Two men from other tables stood and made their way toward the bar, and Junior stood to join them, content that he’d done his job with this group.
* * *
Jeff came down the stairs and entered the Catamount Corner lobby. Peggy Goins sat behind the counter, staring into space, a cigarette in her fingers. She didn’t look up until he said, “Hey, Peggy.”
“Hello, Mr. Powell. What can I do for you?”
“Nothing, really. I’m on my way out of town, I need to settle up my bill.”
She waved a hand dismissively. “Doesn’t matter. Consider it a freebie. It won’t be my problem soon.”
He picked up a postcard that advertised the Smoky Mountains, and gazed at the wisps of cloud that clung to the treetops. “So, are you going down to the Pair-A-Dice tonight?”
“Me? Good Lord, no. I wouldn’t trust myself i
n the same room with that cancerous bitch.”

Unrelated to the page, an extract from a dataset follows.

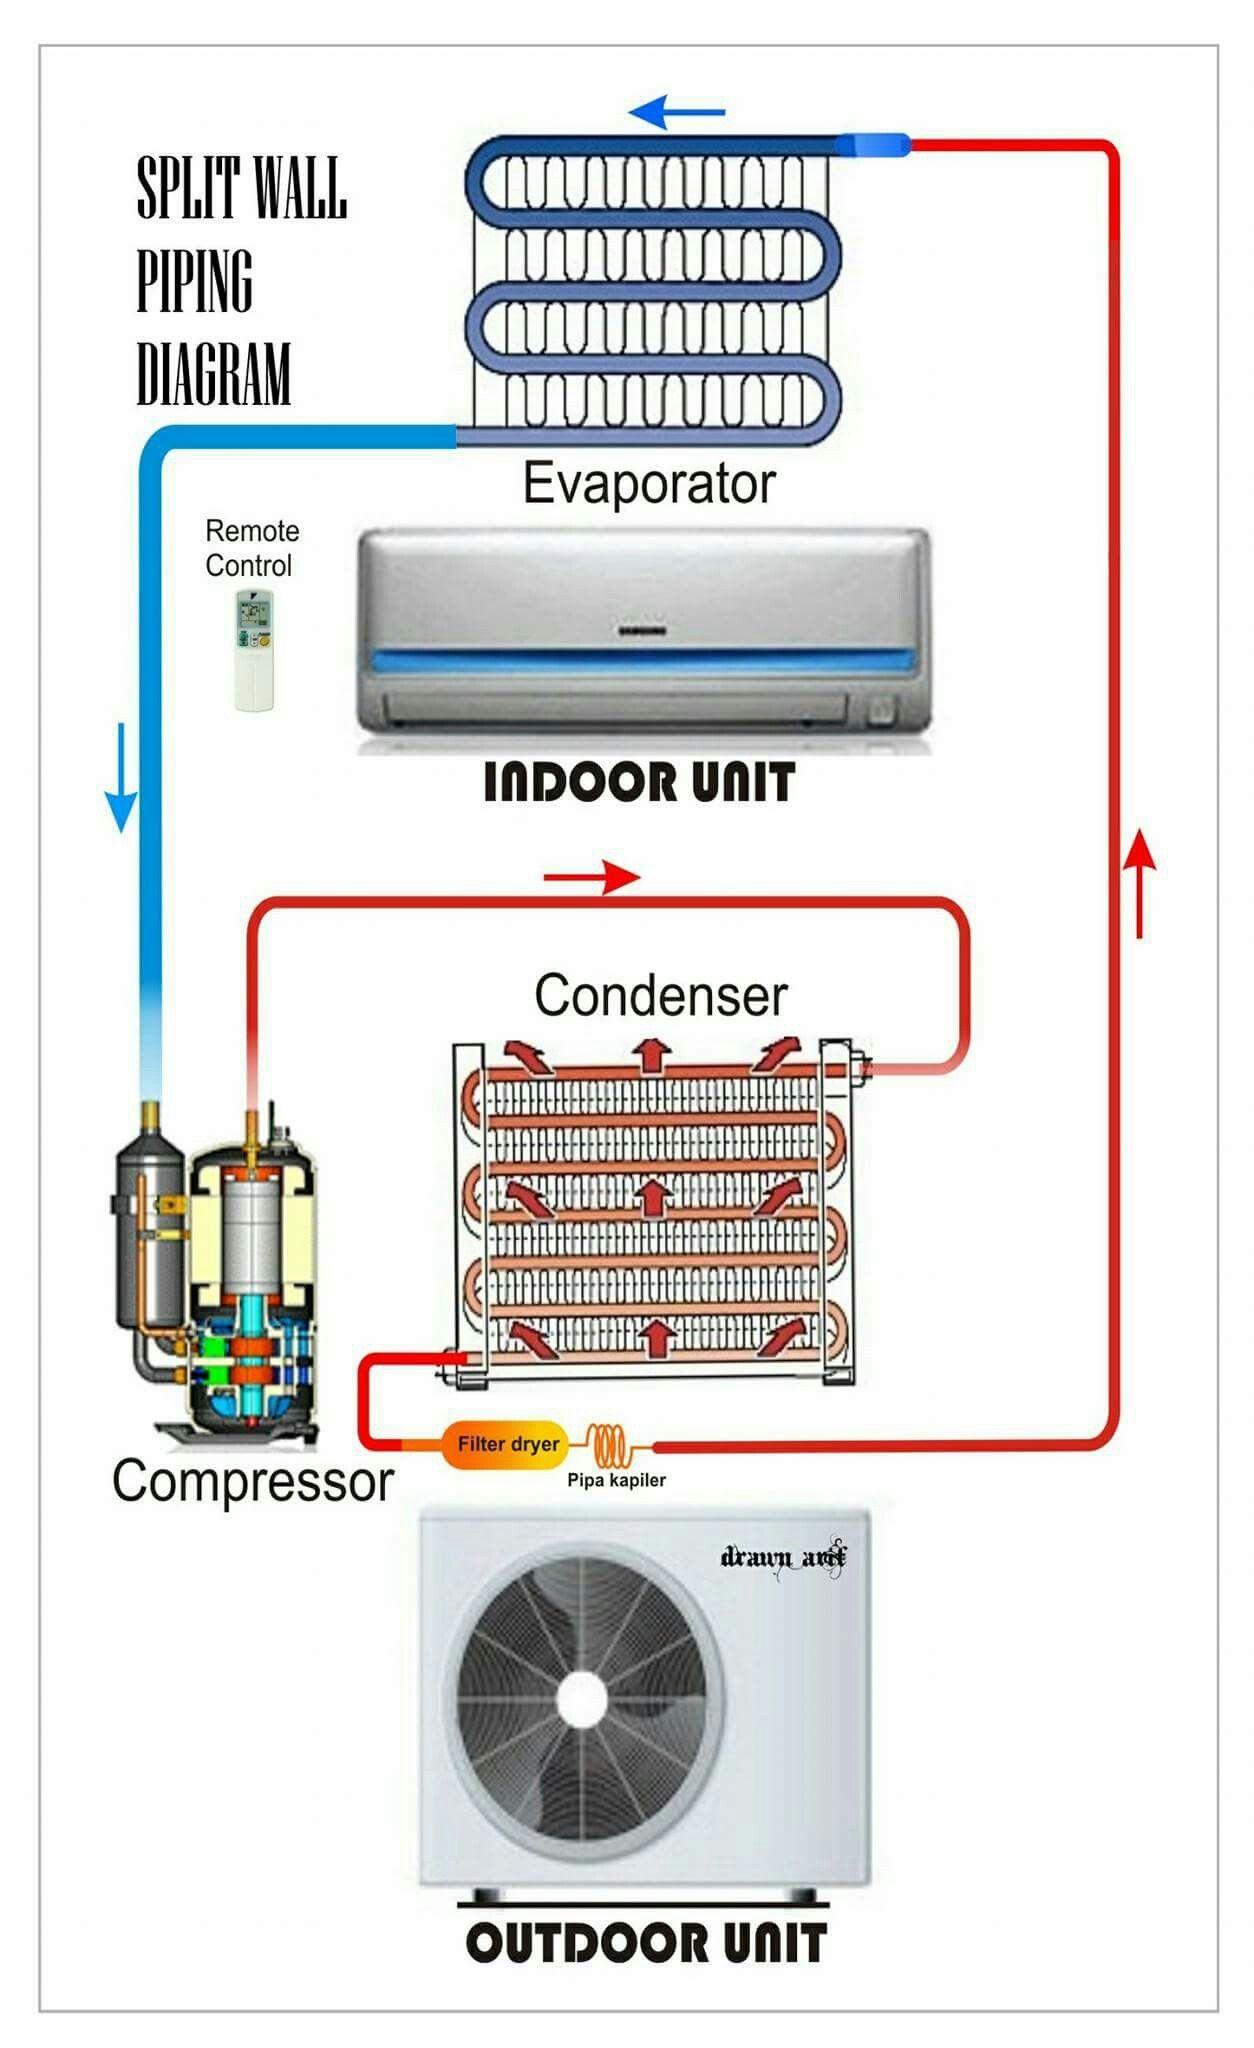 a a split 2 engineering boards electrical engineering electrical wiring mechanical engineering refrigeration [ 1254 x 2048 Pixel ]

“I know the feeling,” he muttered.
Peggy spoke with the flat voice of someone wearied by tragedy. “When she changes the name of the town, I’ll have to sell out to her. She already told me she wants the place, and with Marshall gone, there’s nothing keeping me here. I suppose I could go over to the Pacific Northwest. I visited that once as a young woman, it’s always been in my mind to go back.”
“Maybe the people here won’t want her. Lot of ’em got long memories, you know.”
Peggy took a drag on her cigarette and smiled coldly as the smoke came out. “There’s no one else. Junior Damo? Please. And Mandalay’s a child. I hate to say it, because I love her to death, but when it counts, she’s just a child. She can’t stand up to a full-grown woman with as much hatred and spite in her heart as Bo-Kate has.”
Jeff nodded. He agreed with that, even though he didn’t want to. The memory of that little girl, with the strand of hair in her face, came back to him, and he had to force it down.
“Well,” he said at last, “if I don’t ever see you again, Miss Peggy … you take care.”
“You, too, Jefferson. Travel safe, and tell New York I said hello.”
“I’ll do it.” And with that, he left.
* * *
Byron peered over Bo-Kate out at the crowd. “Any sign of her?”
“Not yet.”
“I’m getting antsy.”
“Just drink your beer and calm down.”
“You calm down. You don’t have to go up there in front of them.”
She turned and looked at him. “Stage fright, Byron? You?”
“Elvis gets stage fright, too, you know.”
“Elvis died when he was forty-two, sitting on the commode.”
She resumed looking out at the crowd, and so didn’t see the look on Byron’s face as he took in this information. He knew from his brief experiences with the Internet that, of his peers, only Jerry Lee Lewis was left alive; but he hadn’t really dug into the circumstances of their various deaths. Somehow he assumed they’d all died old and rich. But if Elvis—the one they all wanted to be, the one who set the template—could die such an undignified death, then what did that say? Was rock-and-roll music, which had once seemed like it could change the world, really just a waste of time like all the preachers, teachers, and parents said? And did that make him even more useless and pitiful for outliving his time so egregiously?